So in response to a few older "what would that look like?" questions.

 
I've always thought of an individual's social connections as concentric circles. A traditional model would be individual, couple, nuclear family, extended family, neighborhood, village, state, country, world...etc.
 
Over time with increased mobility, the intermediate groupings have gotten less and less important in the life of the individual. In many cases, it's nuclear family and the world for all practical purposes. (obviously this is an exaggeration).
 
To me, two things would improve the way we work society.
 
A) restoration of roles of intermediate groupings of people. (this has to come bottom up, legislation might grease the wheels but it could never be enforced.)
 
One of the major benefits is an eloboration of the old "it takes a village to raise a child." We bemoan the fact that many children are born to single mothers.
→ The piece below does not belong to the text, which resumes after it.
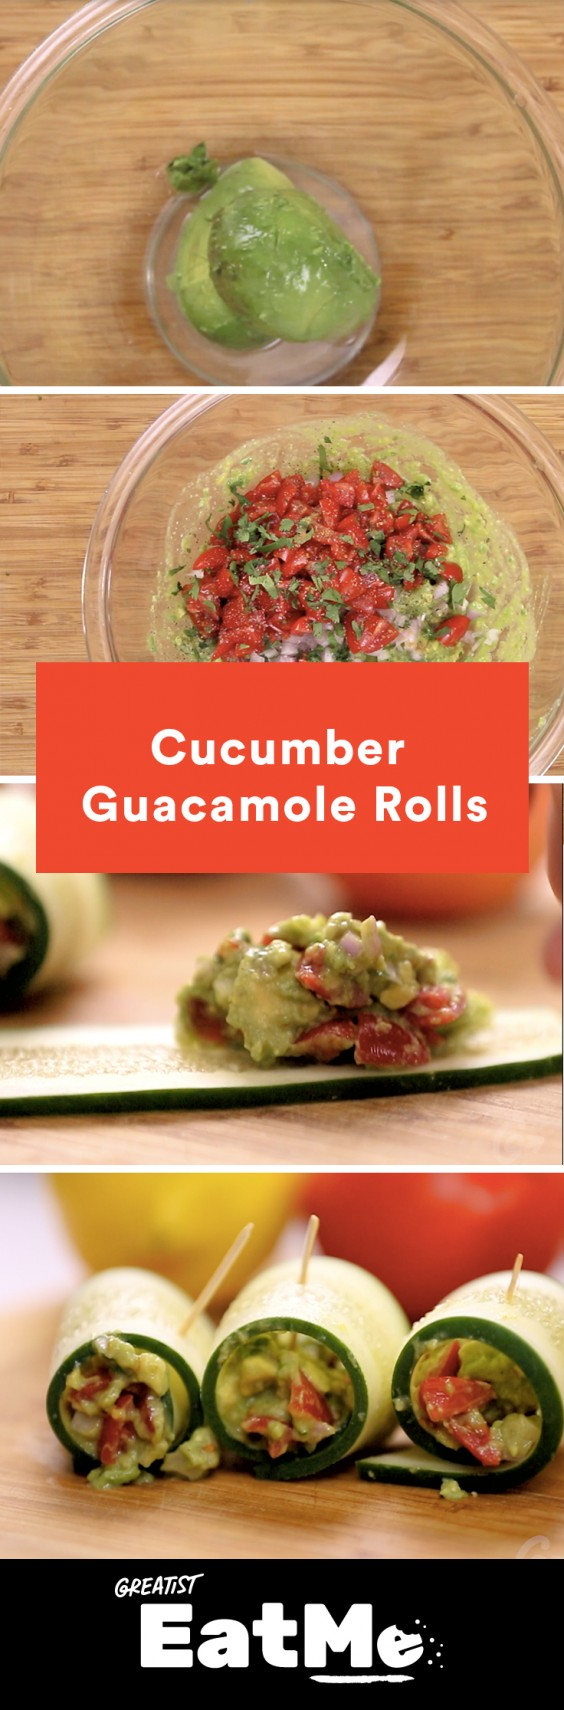 Eat Me Video: Cucumber Guac Rolls
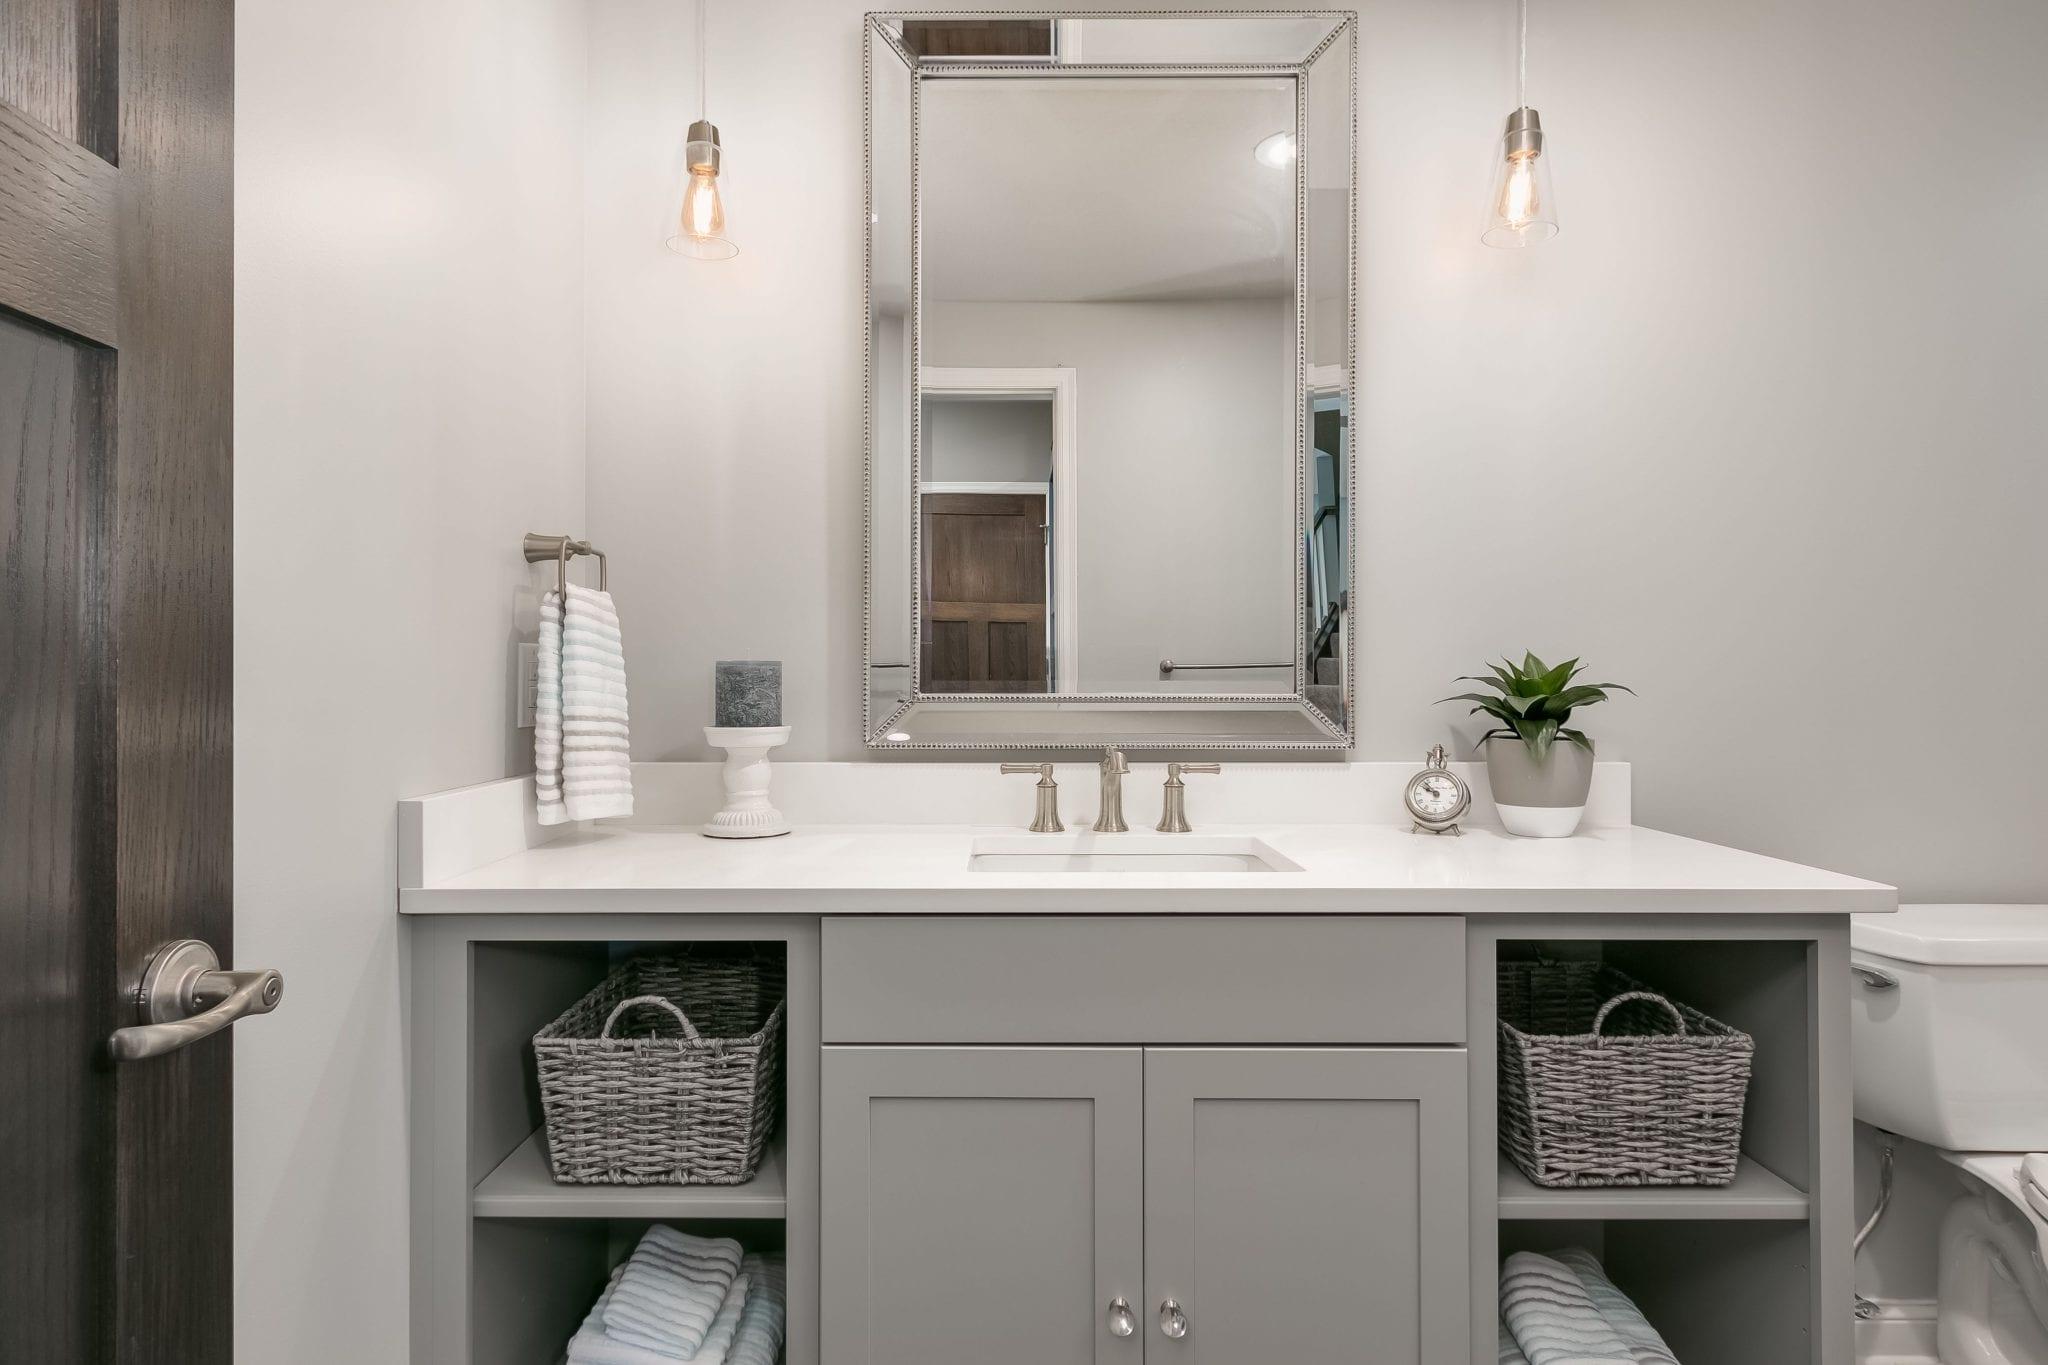 bathroom remodel | open cabinet space | fbc remodel

But we neglect the fact that those children (much of the time) are often raised not by the mother but by an entire extended family. Even in two adult households, readily available Aunts Uncles and Neighbors (multiple generations) makes child care less of a crisis than it is now. Similarly, care of the old can be naturally distributed rather than done badly by an industry that is under-resourced with low-skill workers.
 
B) whenever possible, decisions (power) should be relegated to the lowest possible level that is functional. Decentralization favors diversity which allows the new growth that makes any organism flourish. As such, the highest levels of organization should have only the power they absolutely must.
 
Money should also remain as close to the simplest structures as possible. If it can be done locally, it should. Pooled money and resources are necessary for some societal functions. But whether you call this taxes or whatever, it needs to be extremely transparent for those involved, but minimally transparent for those outside. Thus, I'm not opposed to taxes, but would prefer if most of it stayed local and I could personally look at the books and that the budget would be small enough I could actually get through it in a reasonable amount of time.
 
 
 
Right now our society is very top heavy. There are some advantages to division of labor and using the work of the many to achieve tasks. But the individual has been completely removed from decision making all too often, both in private business matters and in public representation.
 
That's enough for now. If anyone wants to talk about this great. If not just burp a "meh."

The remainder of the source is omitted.